Проводник долго неподвижно смотрел на меня, потом мрачно усмехнулся, ничего не ответил… Несколько странно! Я вошел в вагон… В таком вагоне хорошо ездить в тюрьму — для того, чтобы дальнейшая жизнь не казалась такой уж тяжелой. Облезлые полки, затхлый запах напомнили мне о самых тяжких моментах моей жизни — причем не столько бывших, сколько о будущих!
При этом — хотя бы купе должны быть двухместные, раз уплачено за СВ — вместо этого спокойно, не моргнув глазом, запускают в купе явно четырехместные! Что ж это делается?! Я рванулся к проводнику, но на полдороге застыл… Не стоит, пожалуй… Еще начнет разглядывать билет — а это, как говорится, чревато… Дело в том, что на билете написано «бесплатный». Мне его без очереди взял старичок с палочкой (очередь была огромная, а билетов не было) — и только когда он получил с меня деньги и исчез, я заметил эту надпись, встрепенулся, но старичка уже не было… Видимо, ему, как знатному железнодорожнику, положен бесплатный, но я-то не знатный… так что этот вопрос лучше не углублять. Не настолько мы безупречны, чтобы качать права… поэтому с нами и делают что хотят. Минус на минус… Пыльненький плюсик. Я попытался протереть окно, но основная грязь была с внешней стороны. Главное — было бы хоть тепло… уж больно сложный и допотопный отопительный агрегат предстал передо мною в тамбуре… Я подул на пальцы. Толстая шерстяная кофта на нашем проводнике внушала мне все большие опасения. Наверное, и не бреется он ради тепла?
Я сдвинул скрипучую дверь, вышел в тамбур. Сразу за мной, тоже решившись, вышел пассажир из соседнего купе.
— Скажите, а чай будет? — дружелюбно обратился он к проводнику.
— Нет,— не поворачивая головы на толстой шее, просипел проводник. Слово это можно было напечатать на облаке пара, выходящего изо рта.
— Как — нет?
— Так — нет! Можешь топить без угля?
— А что — угля нет?
— Представь себе! — усмехнулся проводник.
— На железной дороге нет угля?! — воскликнул я.— Да пойти к паровозу…
— Хватился! Паровозов давно уж нет!
— А вагон этот — с тех времен? — догадался я.
Проводник, как бы впервые услышав что-то толковое, повернулся ко мне.
— С тех самых!
— Так зачем же их прицепляют?!
— А у тебя другие есть? — Усмехнувшись, проводник снова уставился в проем двери, выходящей на пустую платформу.
— Так мы же… окоченеем! — проговорил сосед.— Снег ведь! — Он кивнул наружу.
— Это уж ваша забота! — равнодушно проговорил проводник.
— Возмутительно! — не выдержав, закричал я.— В каком вагоне у вас начальник поезда?
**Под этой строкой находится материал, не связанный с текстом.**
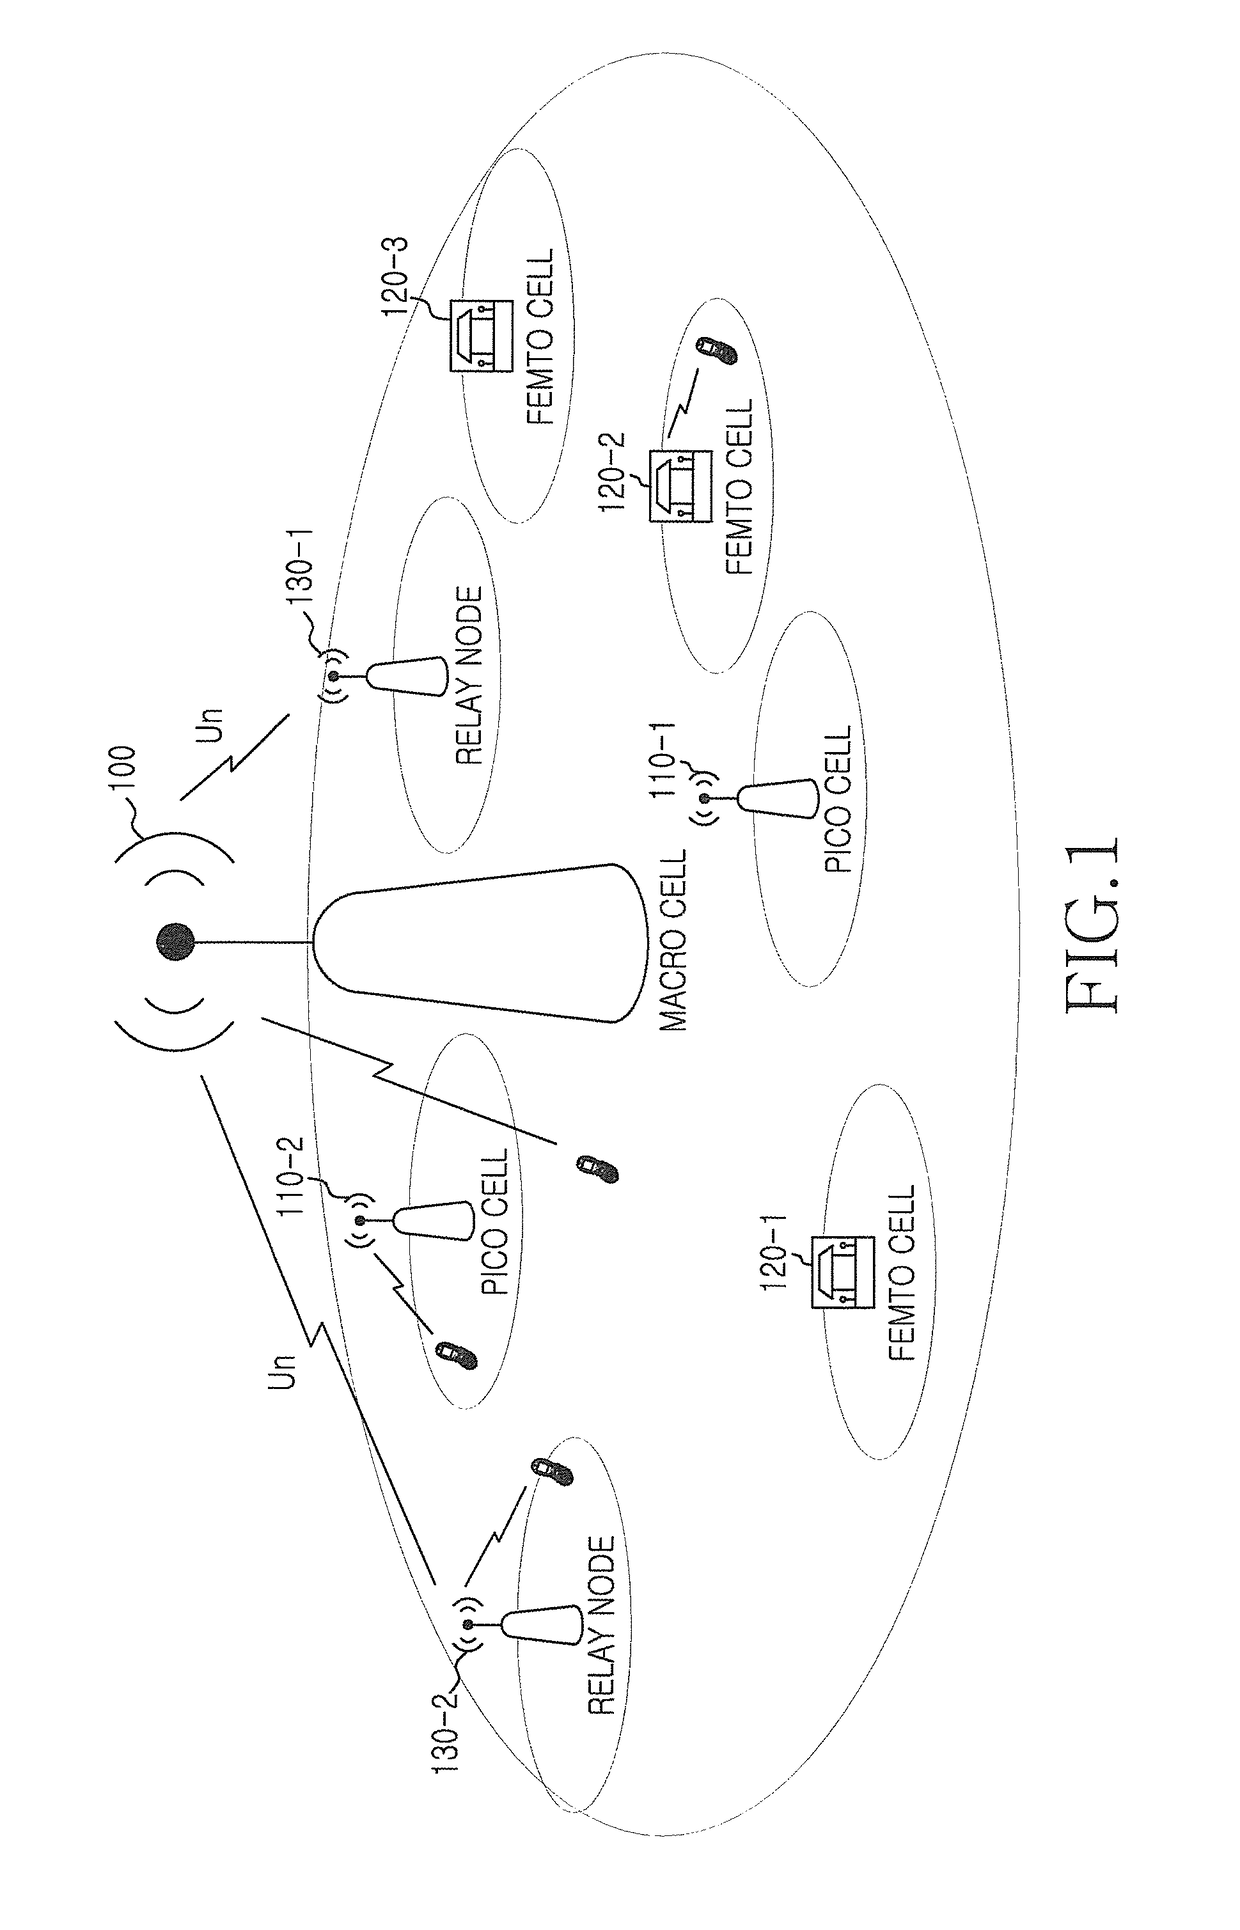 Apparatus and method for supporting mobility in a heterogeneous wireless communication system
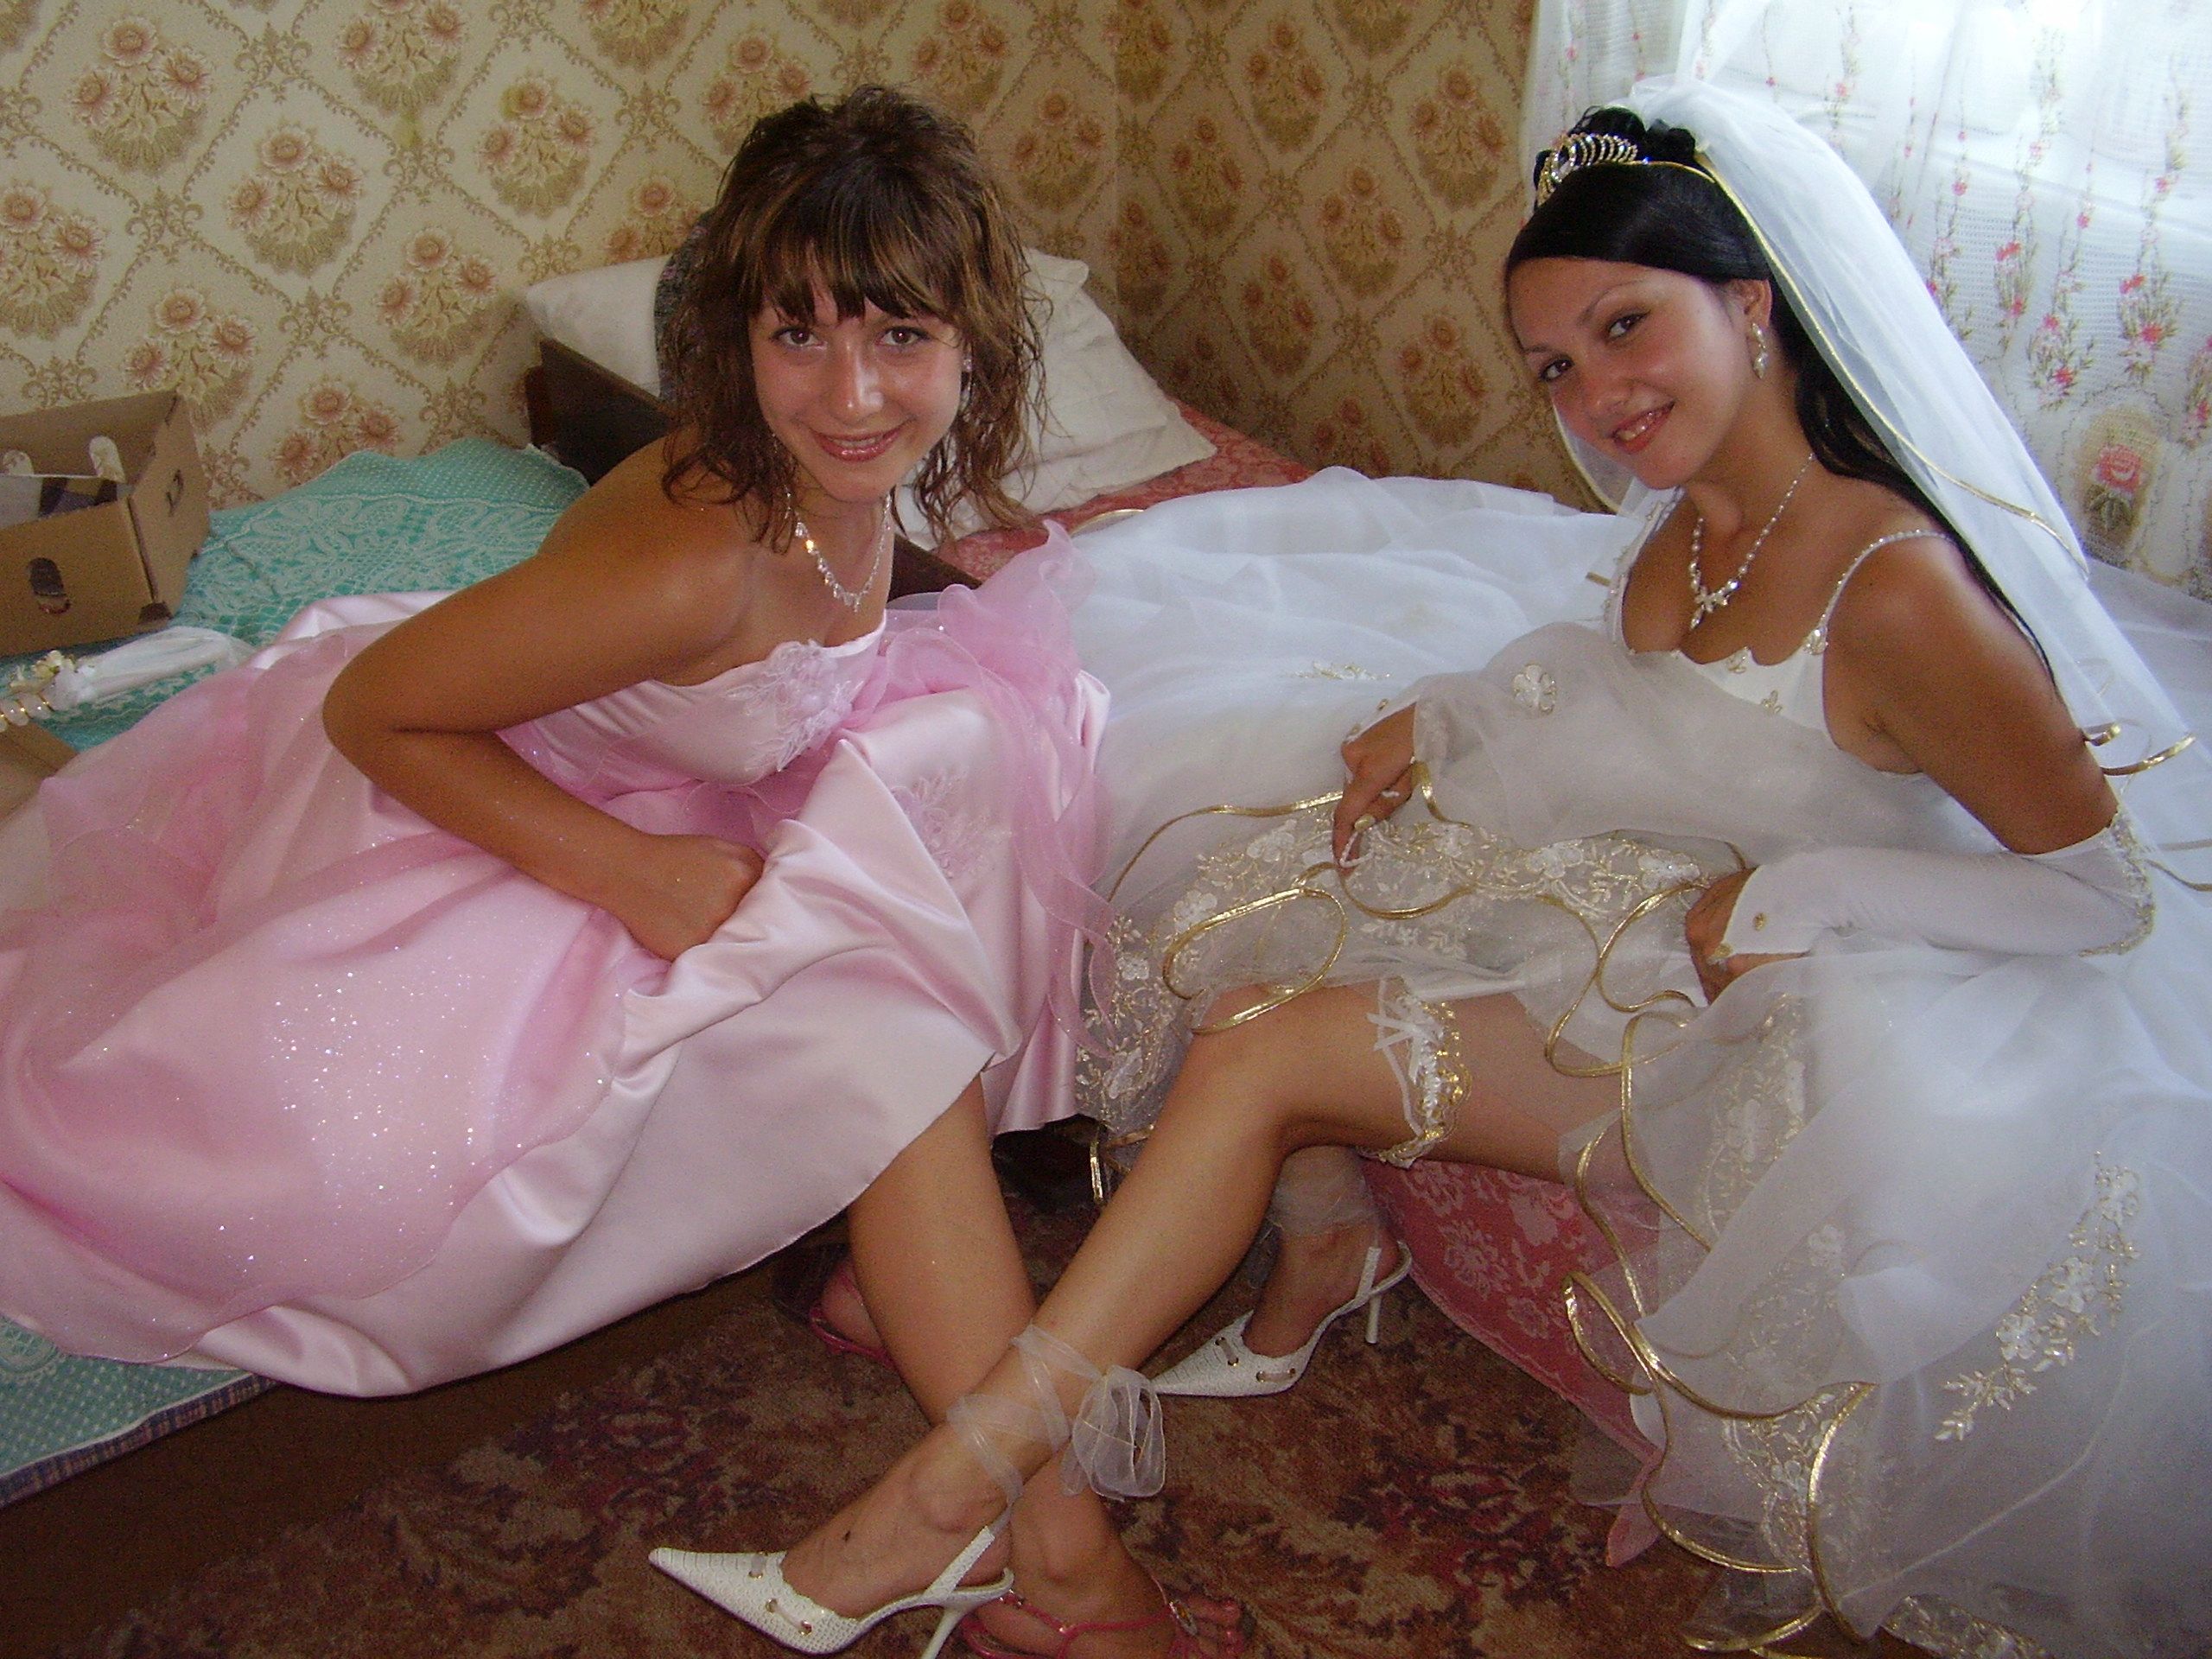 Outdoors Marriage Ceremony With Naked Bride And Her Friends

Наверное, не в таком?
Дверь из служебного купе вдруг с визгом отъехала, и оттуда выглянул румяный морячок в тельняшке (заяц?).
— Ну что вы, в натуре, меньшитесь? — проговорил он.— Доедем как-нибудь, ведь мужики!
Пристыженные, мы с соседом разошлись по нашим застылым купе. Да, к начальнику поезда, наверное, не стоит — может всплыть вопрос с сомнительным моим билетом… Наконец, заскрипев, вагон медленно двинулся. Пятна света в купе вытягивались, исчезали, потом эти изменения стали происходить все быстрее — и вот свет оборвался, все затопила тьма.
Электричество хотя бы есть в этом купе? Тусклая лампочка под потолком осветила сиротские обшарпанные полки, облако пара, выходящее изо рта.
Я посидел, обняв себя руками, покачиваясь,— сидеть было невозможно, кровь стыла, началось быстрое, частое покалывание кожи, предшествовавшее, насколько я знал, замерзанию.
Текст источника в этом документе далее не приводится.